Output only the lines of the entries that follow, starting at the one with "Raion Power RG0670T1" and running down to the one with "Image for Leick", both included and unchanged.

DATA RECORDS
>>
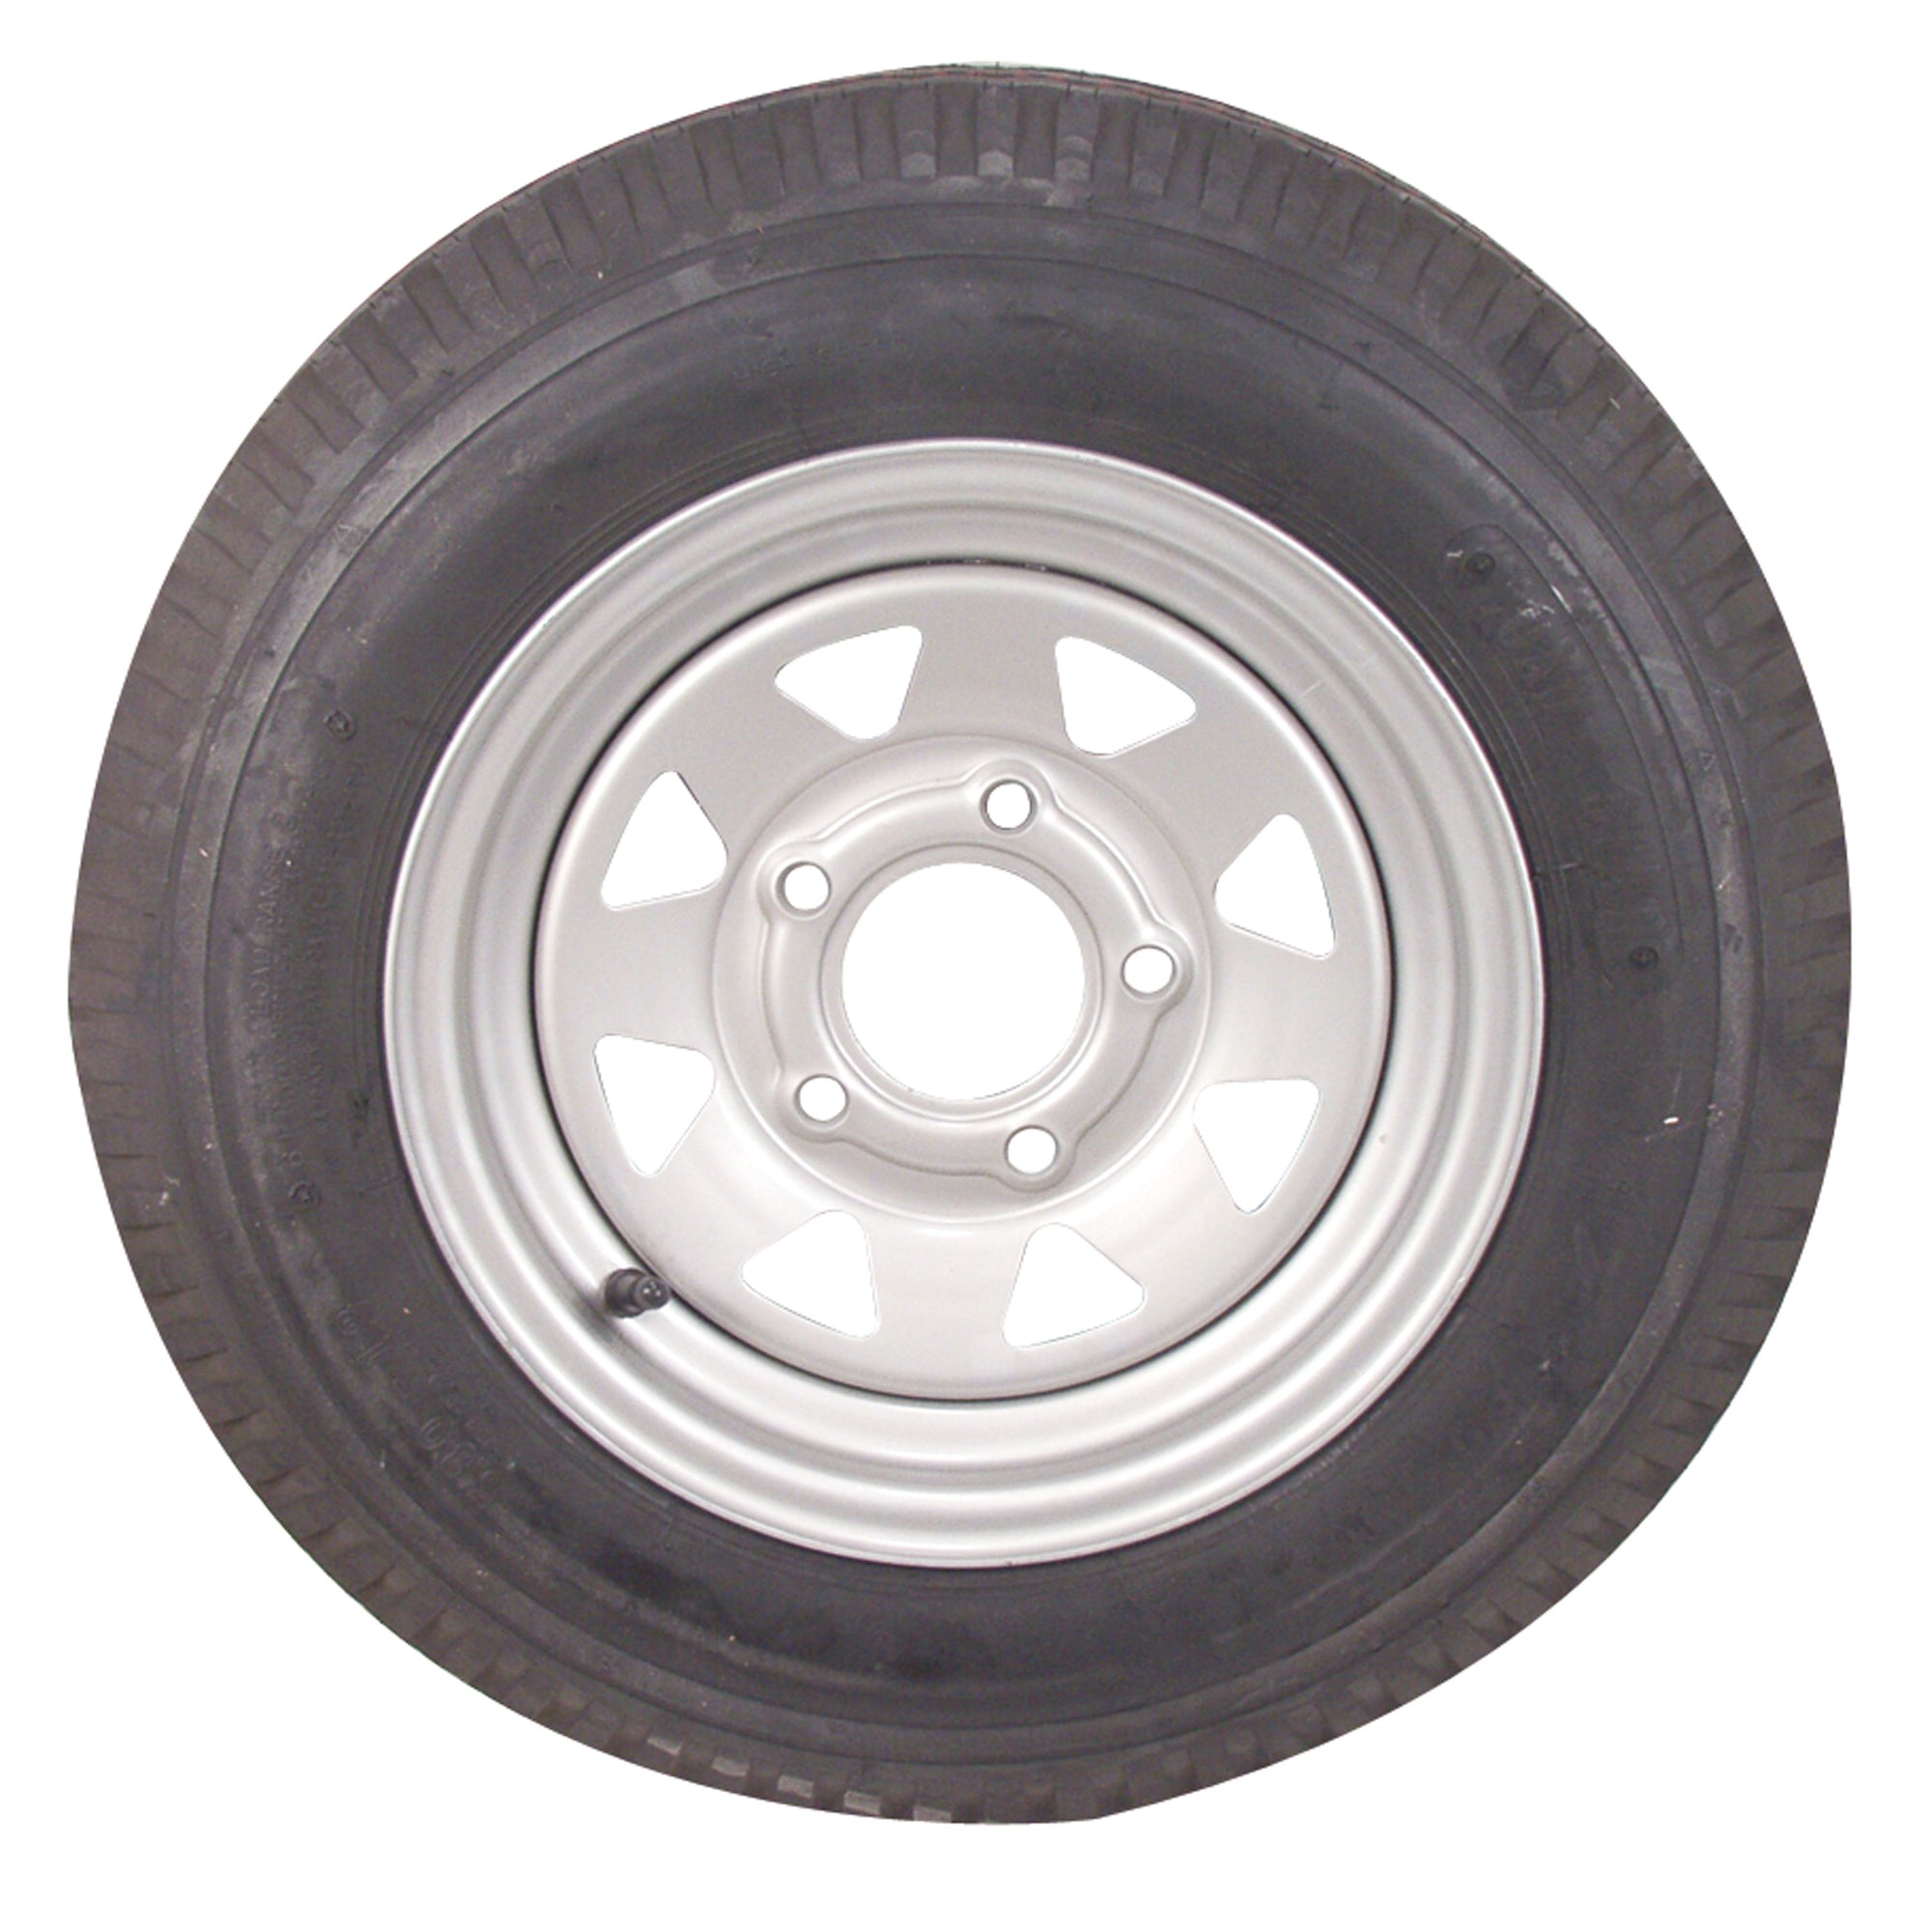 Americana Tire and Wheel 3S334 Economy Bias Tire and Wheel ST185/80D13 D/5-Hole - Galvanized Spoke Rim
<<
>>
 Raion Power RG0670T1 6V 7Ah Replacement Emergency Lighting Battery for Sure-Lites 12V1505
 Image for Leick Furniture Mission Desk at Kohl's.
<<
>>
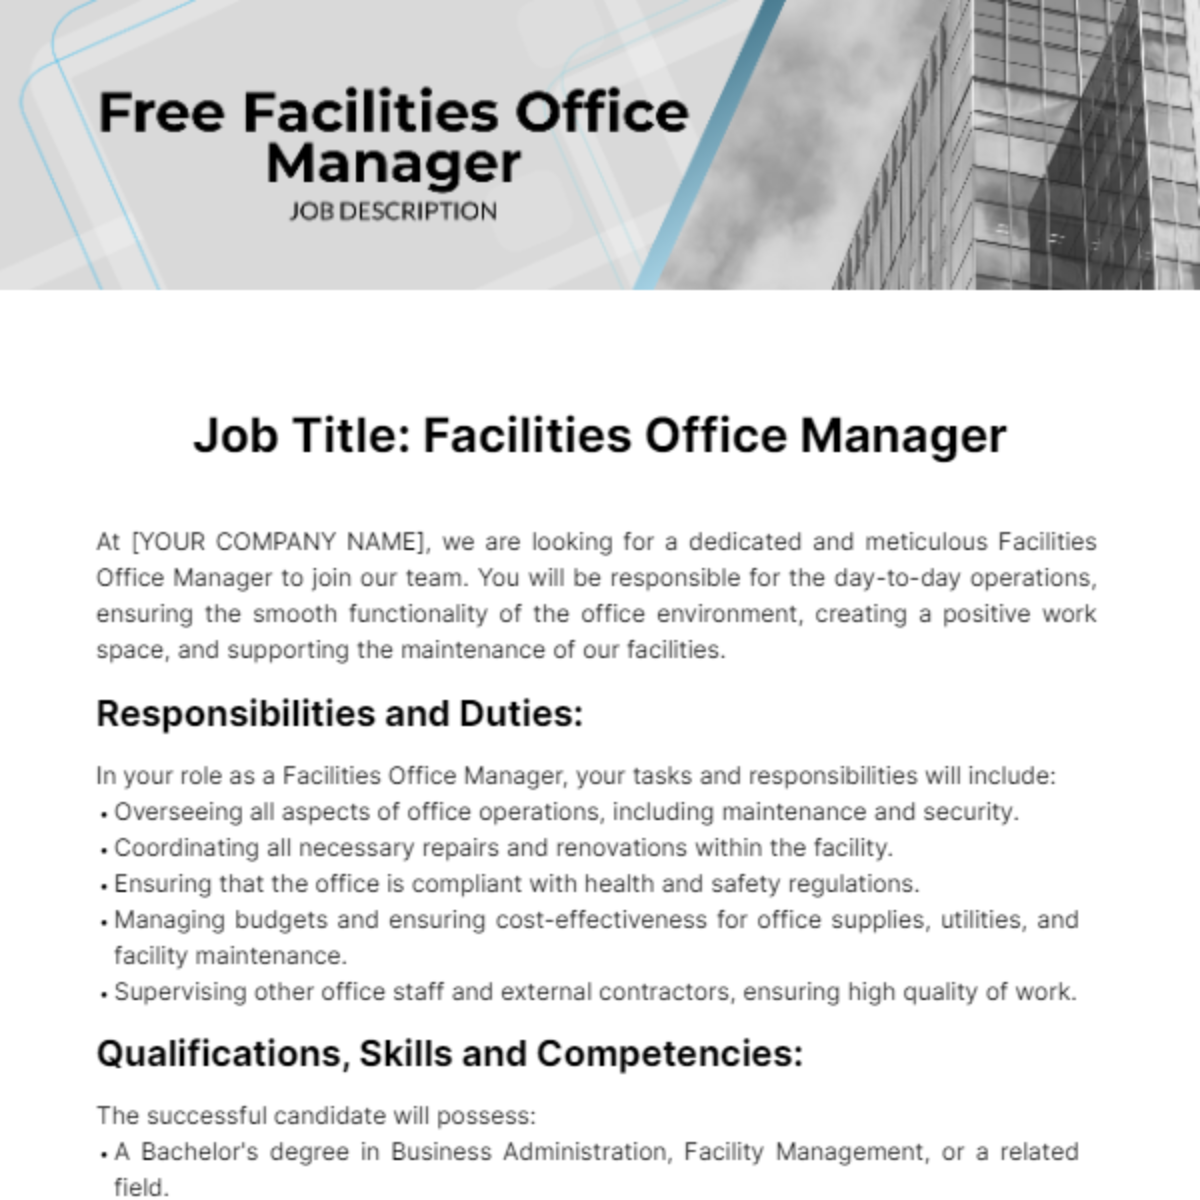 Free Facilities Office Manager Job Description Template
<<
SOLUTION FOR THIS PROBLEM
 Raion Power RG0670T1 6V 7Ah Replacement Emergency Lighting Battery for Sure-Lites 12V1505
 Image for Leick Furniture Mission Desk at Kohl's.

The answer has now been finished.